After a little chat with my friend CCL, who was also pissed bcoz he’s got far more complicated conditions than I do, I started feeling sorry for all my behaviors these days and the bad mood and depressions I’ve been spreading around my family and friends.

As we all say the good endings costs a long wait. For I always knew that and exactly the proper words to make people in such situations feel better, I never had a chance to practice when it happens to me, until now. Waiting for a visa might be the worst thing ever happened to a 22 year old Chinese female like me, one who was born into a complete family with decent childhood and teenage education, for it seems that the waiting never ends and all that would come across my mind was the worst that could happen. However this was definitely no excuse at all to upset everyone around you neither.

In the past few weeks as the waiting started annoying me a certain fear lingers. As I wake up in the morning I can’t see hope coming for I never suppose the day would be the one that my phone rings and I receive the news I’ve been waiting for so long. You might lose as well the will to get out of bed, even freshen up for the coming noon, maybe not even willing to take a step downstairs to get yourself a simple cup of milk and call it a decent beginning. Things would get even worse when all the incoming calls are from friends and relatives, asking, out of definitely good intention, about how the visa ended. At first I would answer it and tell them politely that I’m still waiting, with hope maybe, and thanks for concerning; however as time goes by and hope fading away, I couldn’t help at questioning myself if everything would just be fine as we all expected.

Time kills your willing to believe. Somehow as I grow up I started to learn how every decision and every step may affect the rest of one’s life.
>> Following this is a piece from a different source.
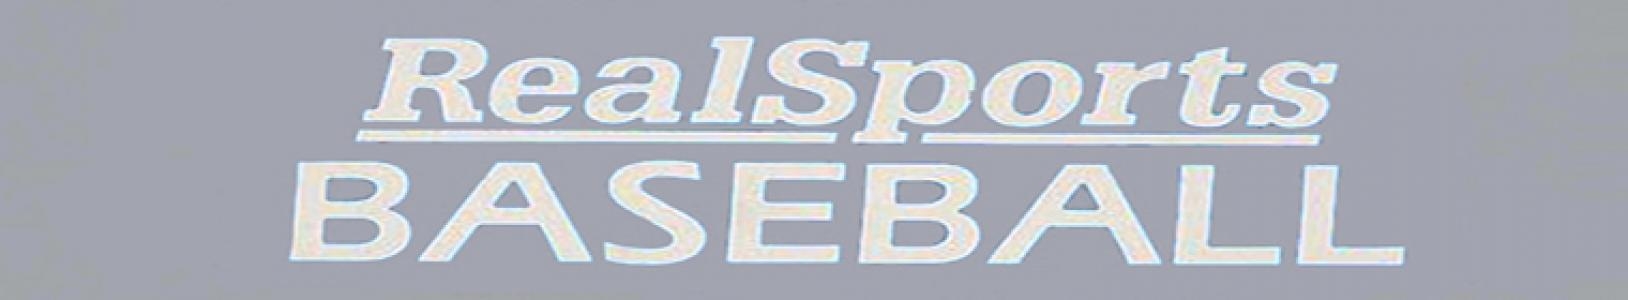 RealSports Baseball banner

As a kid I could stay up till 3 in the morning playing video games or simply doing nothing at all before the coming exam while I still get good grades and high scores. Somehow, and that’s the very tricky part, when you start to pay attention on everything you do and every word you say, you do it wrong and fail your own little hope. It was all right when I took the few early exams in college, for getting a better grade might be important, but not serious enough to get me depressed if I don’t. As I realized how important it might be to me to get a certain thing done, the chance of failure might rise just bcoz of some weird yet key detail. So here I am, worried to death about whether I’ll get the visa or not, as for me it will decide if I’m gonna waste another year waiting or not losing any precious minute or penny in a bad decision of the embassy of Spain.
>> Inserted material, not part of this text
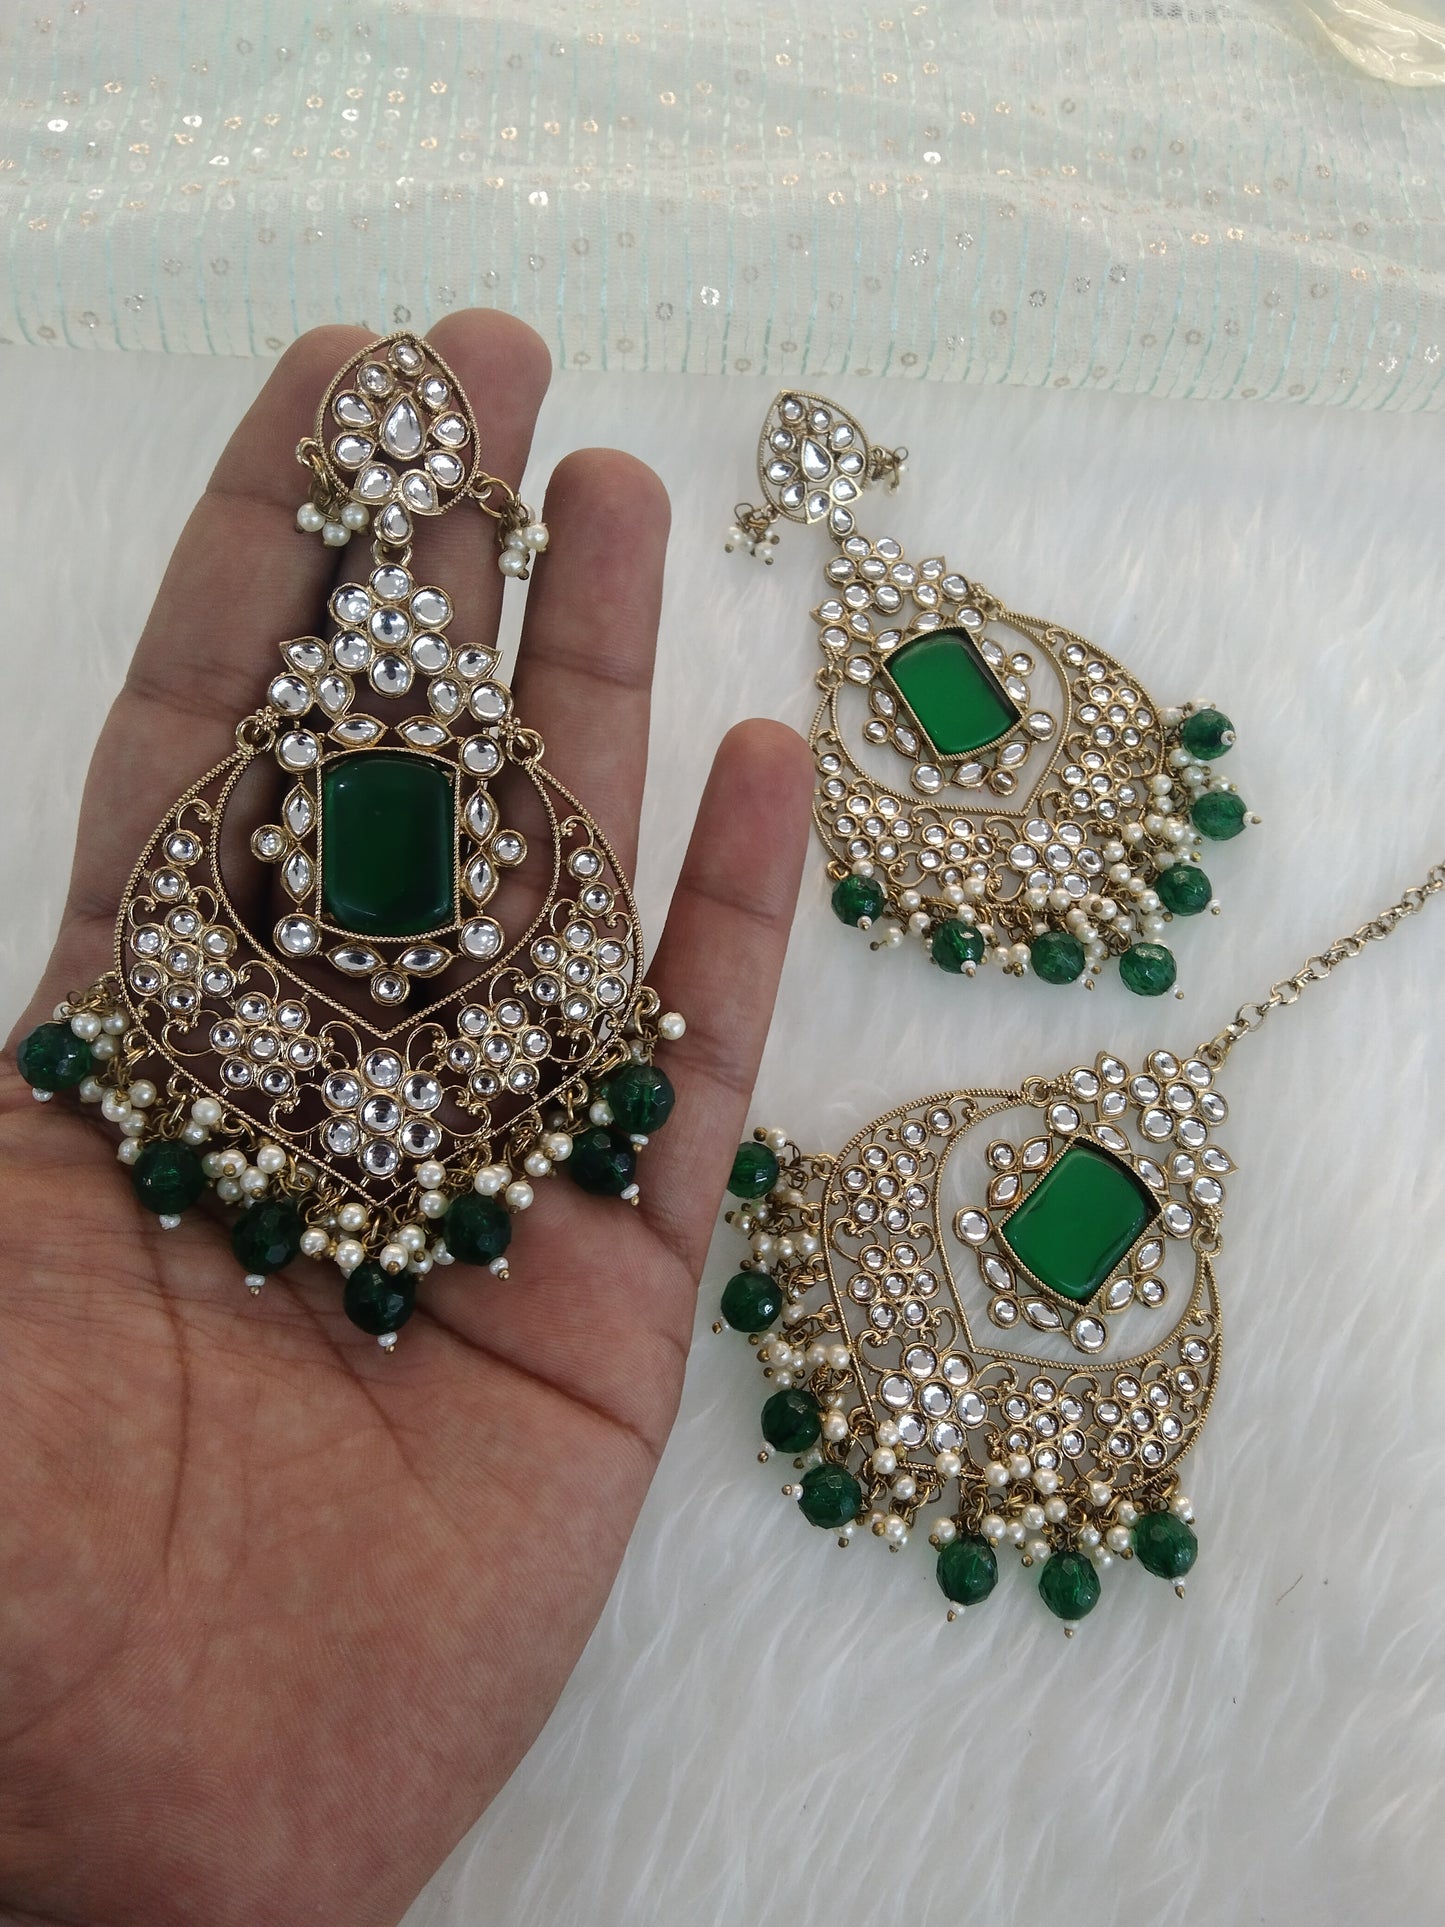 Indian Kundan Earrings Jewellery/Green Kundan Earrings tikka set/ bollywood Earrings say Set

Anyway, I think I owe an apology to everyone affected by my bad mood, for my cold unconcerning face and my foolishness. According to my mothers’ criticize a few years back I was too busy thinking about my own business that I almost ignored the rest of the world, I suppose I never learned to adjust myself to be a better person. I’m so very sorry that my only worry these days was the result of my visa and the possible consequences that might be brought by an unwanted ending, and I’m even sorrier that how all the others surprise me when they told me they have their own crap in their lives that they didn’t feel like talking to me for they all wanted me to get easy and not disturbed by more problems.

I’m sorry that I’ve been so ungrateful and selfish, and I guess I’ve realized what truly matters is not how the visa could screw my life, but how important it is to me that people I love lead happy lives and that we could share the feelings and work it out together. Or say I’m at least on the way.

评论

  1. You expressed all my similar feelings in that year, the year that I never regret to spend all my days pending, waiting for and counting on the best ending.